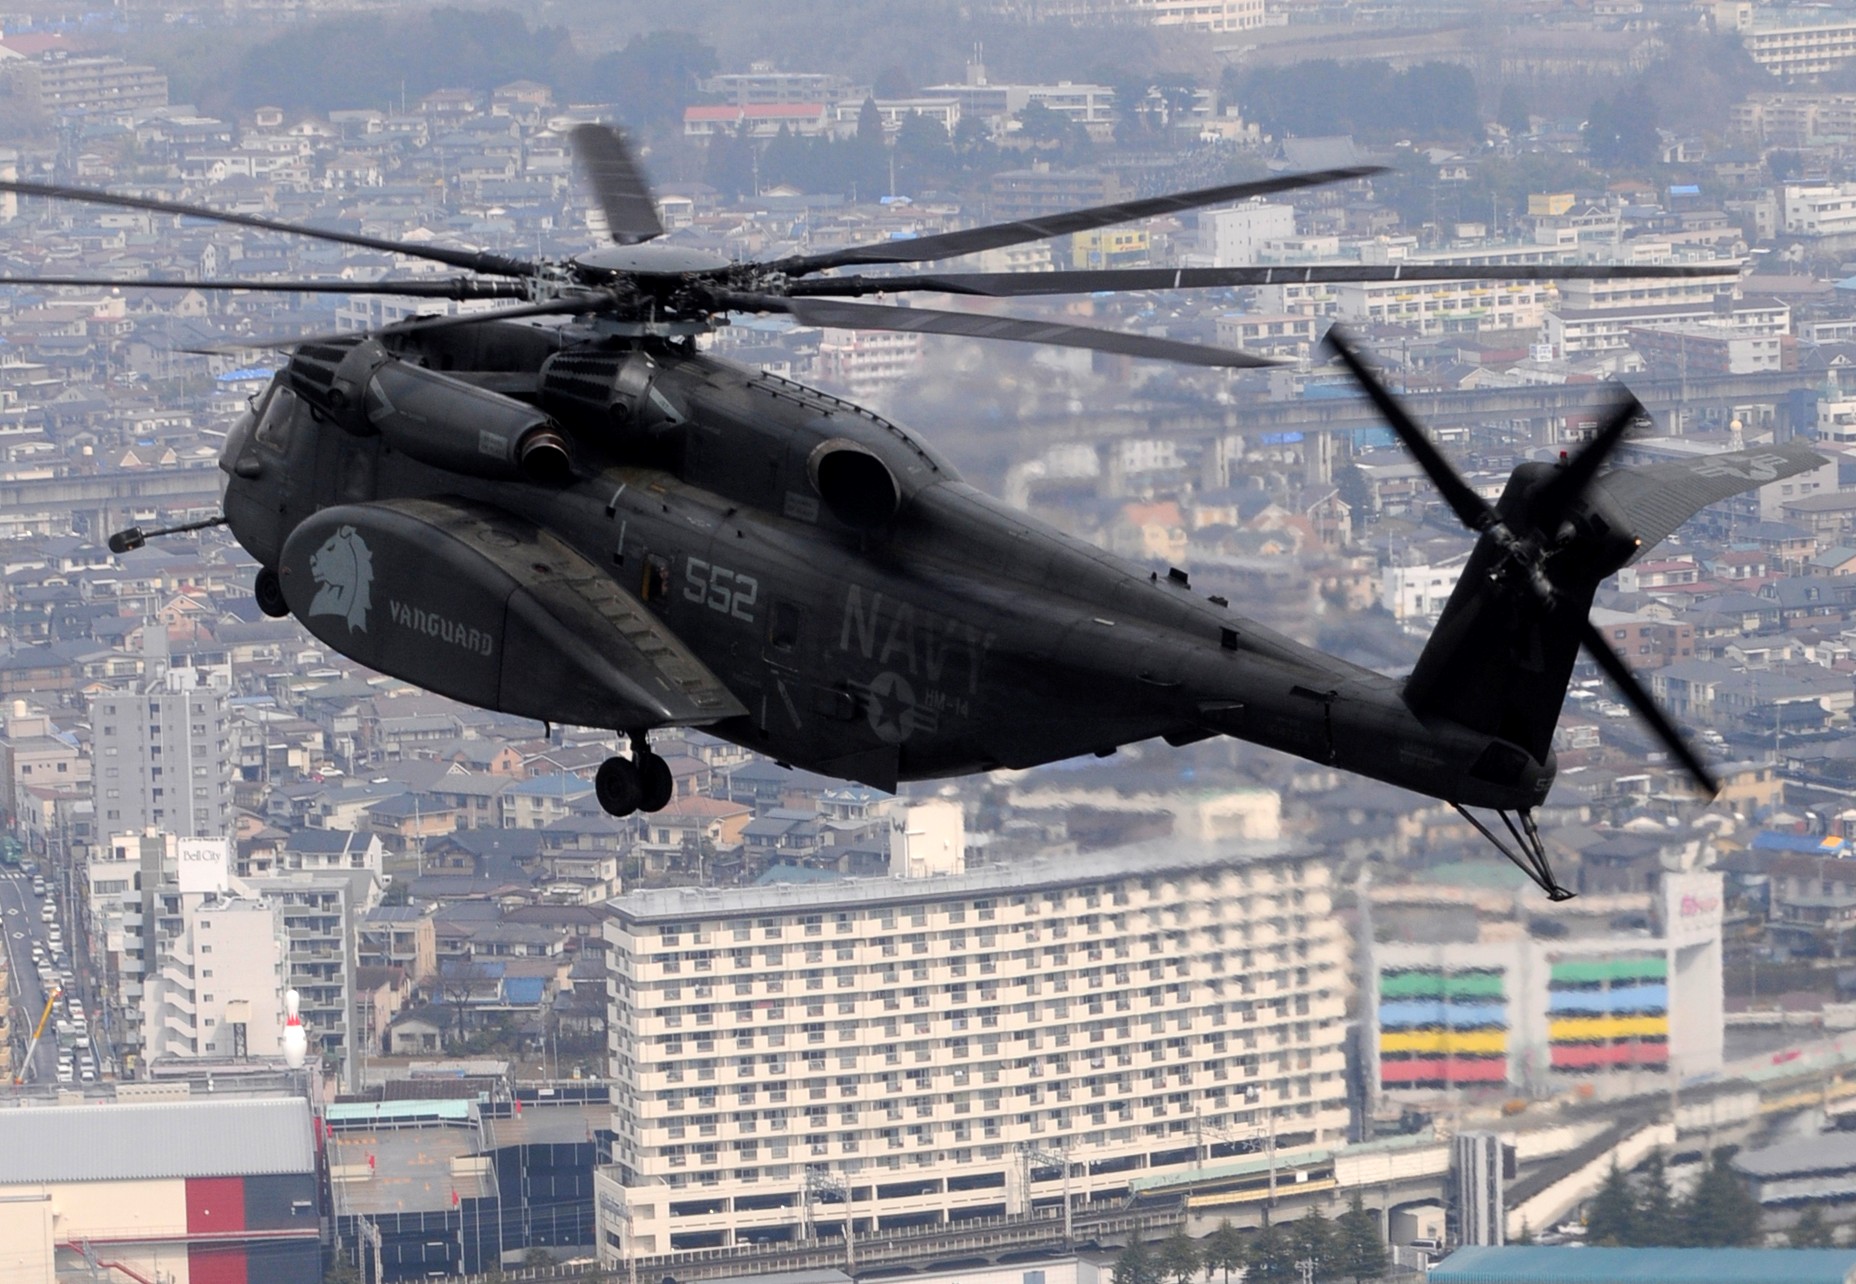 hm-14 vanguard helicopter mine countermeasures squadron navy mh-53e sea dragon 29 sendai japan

==

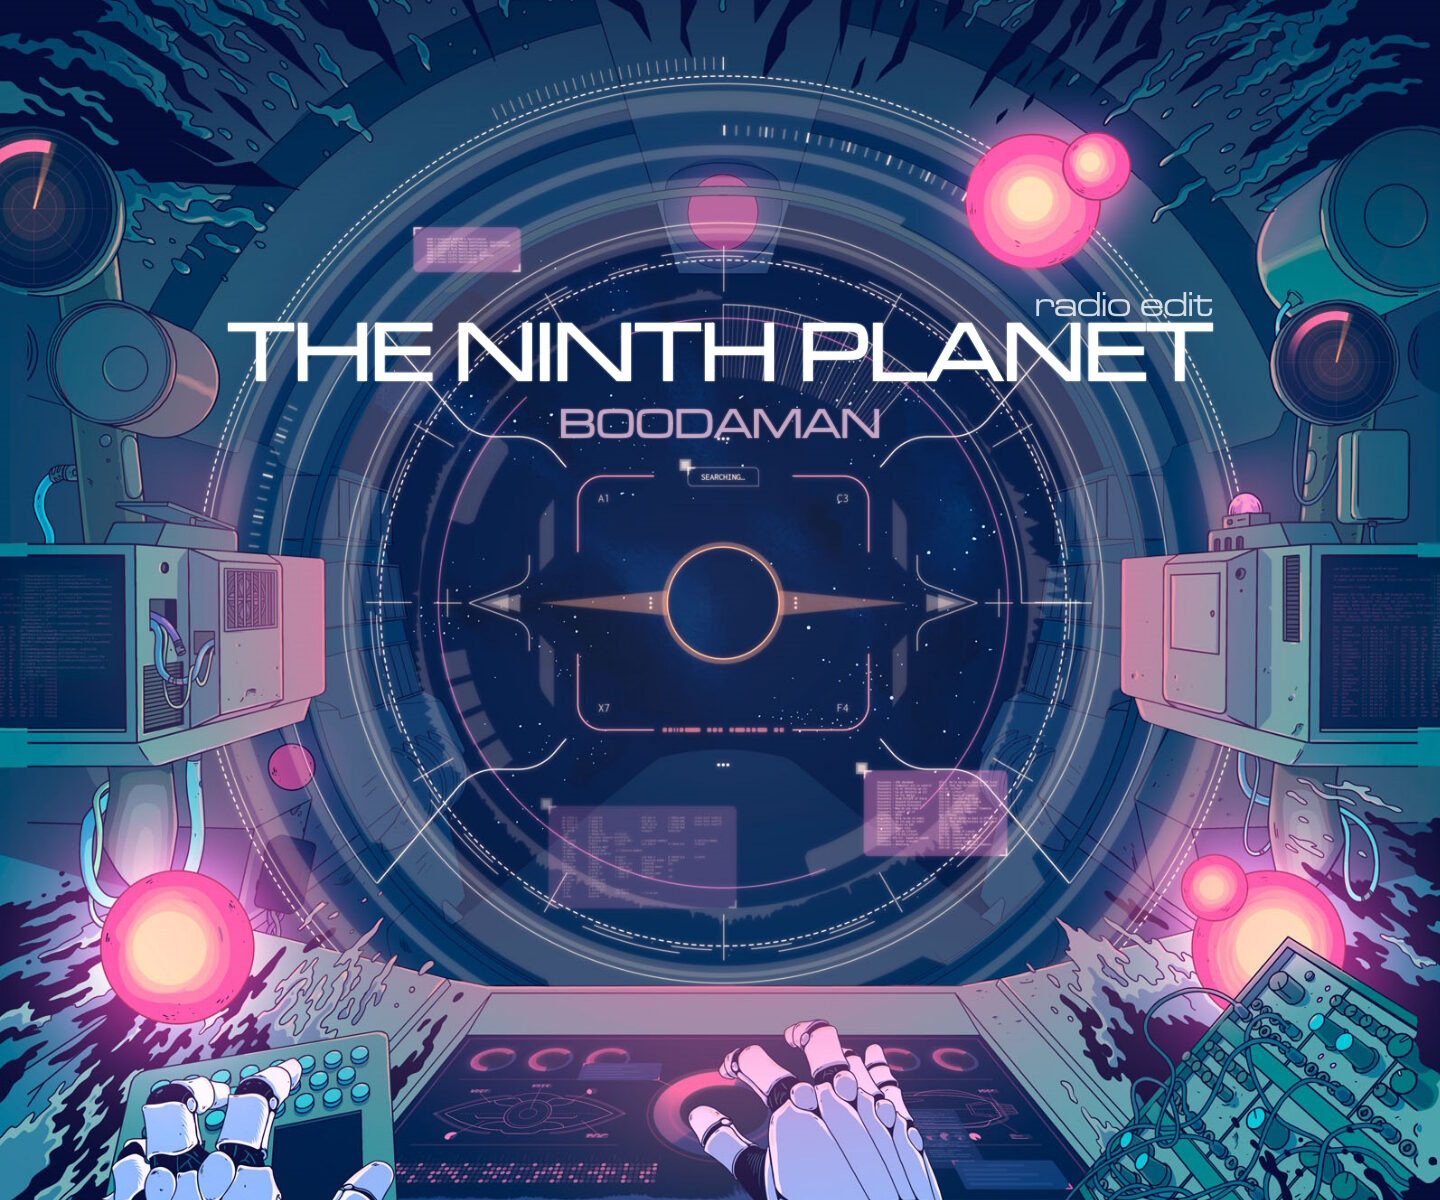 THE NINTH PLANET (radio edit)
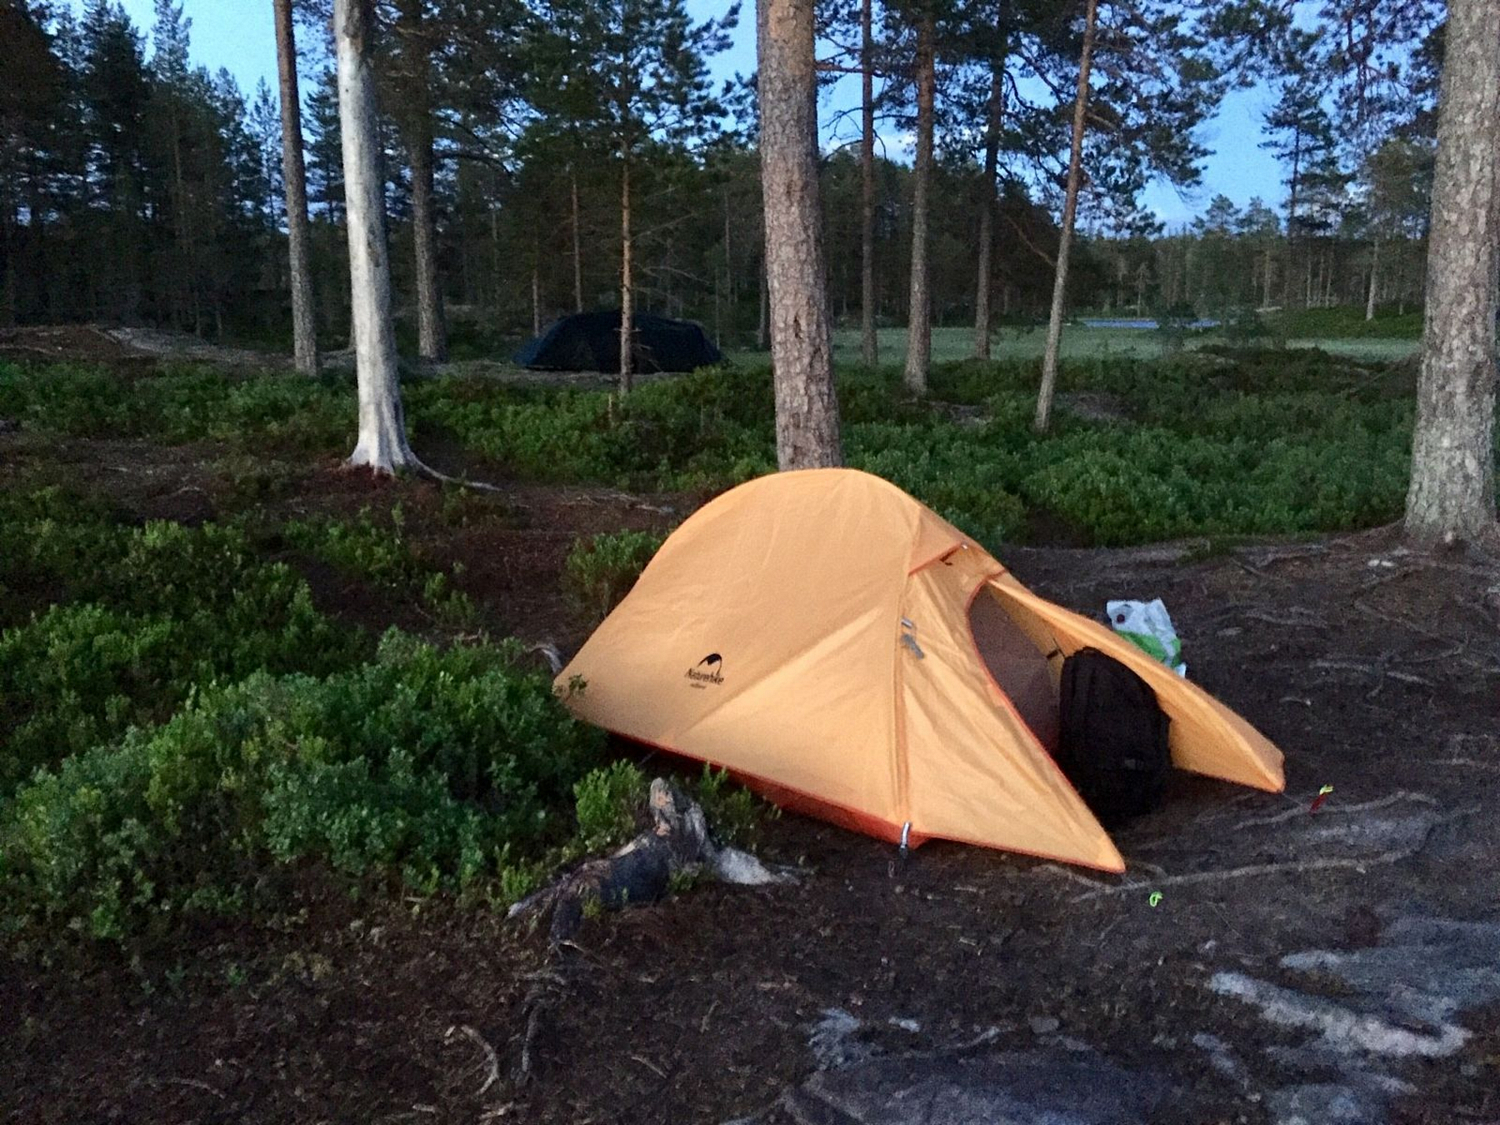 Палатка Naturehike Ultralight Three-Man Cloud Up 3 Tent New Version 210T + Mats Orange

* * *

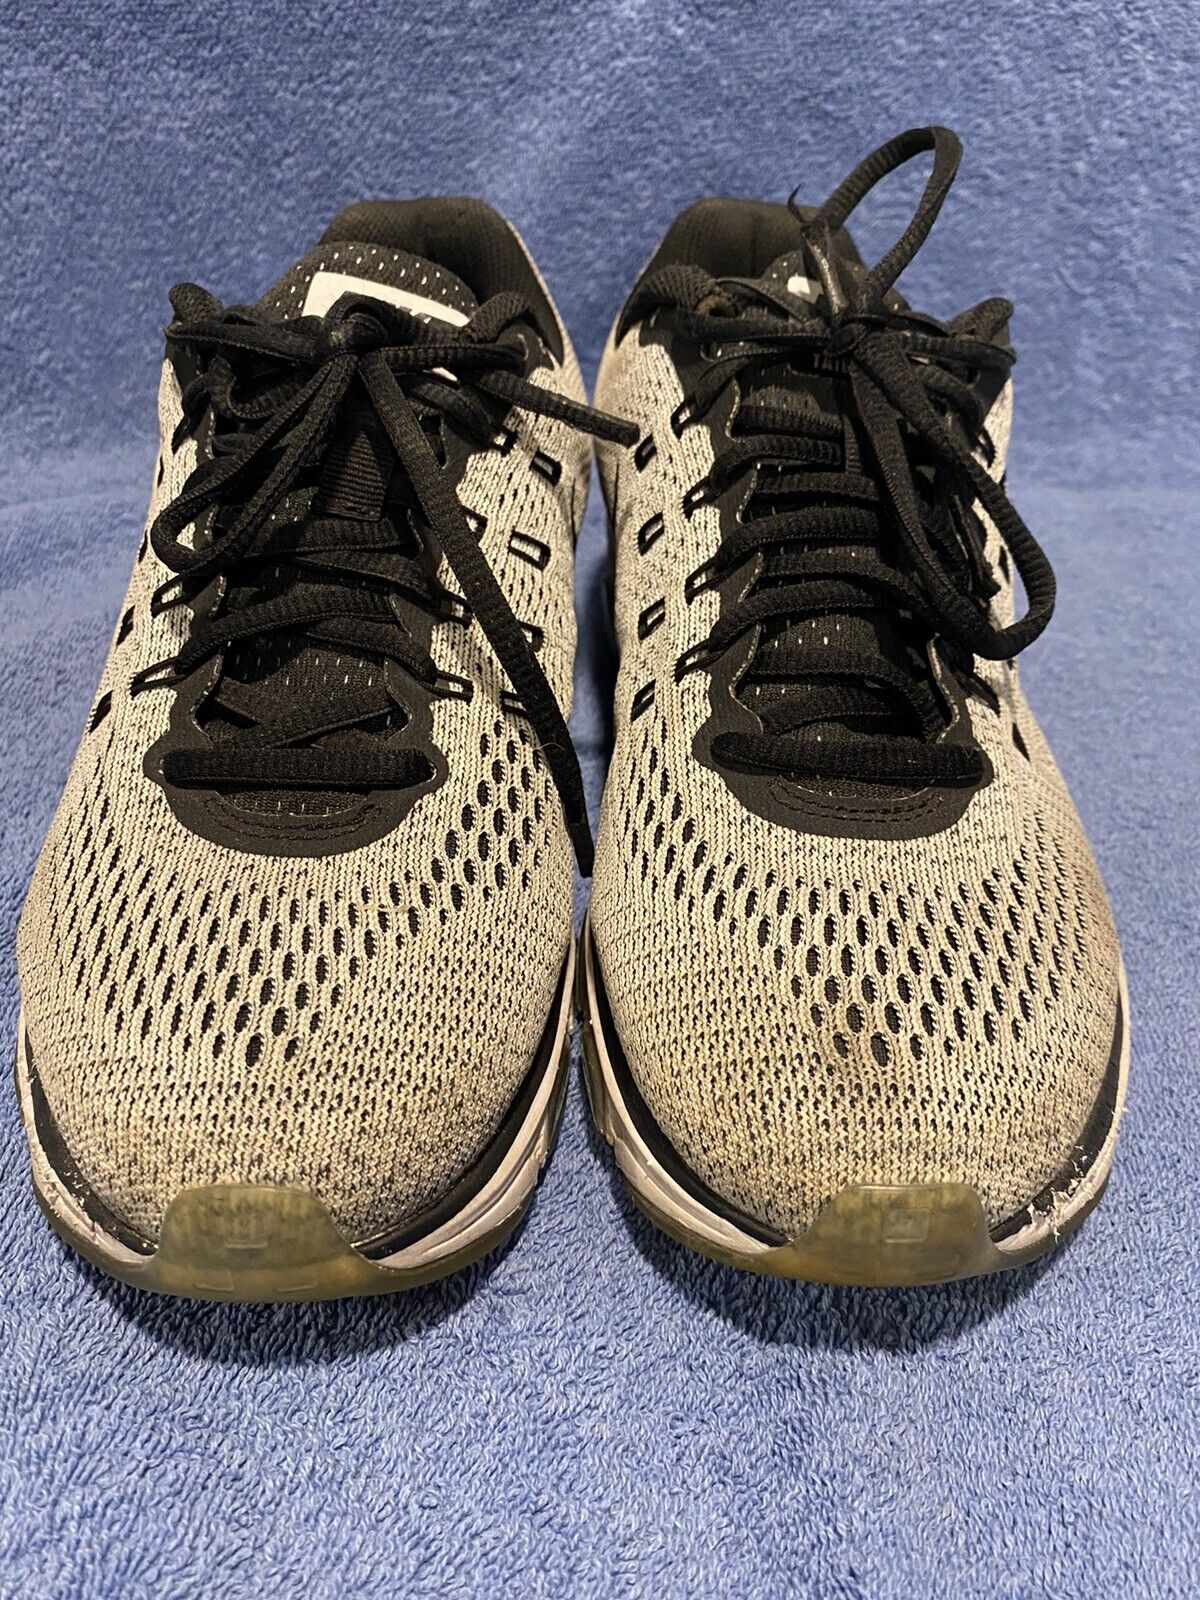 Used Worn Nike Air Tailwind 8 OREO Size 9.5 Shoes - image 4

▸ **Your assignment**
Output only the lines above from the line that holds "THE NINTH PLANET (radio edit)" through the line that holds "Палатка Naturehike Ultralight", both ends included, and exclude pictures.

▸ **Answer to the exercise**
 THE NINTH PLANET (radio edit)
 Палатка Naturehike Ultralight Three-Man Cloud Up 3 Tent New Version 210T + Mats Orange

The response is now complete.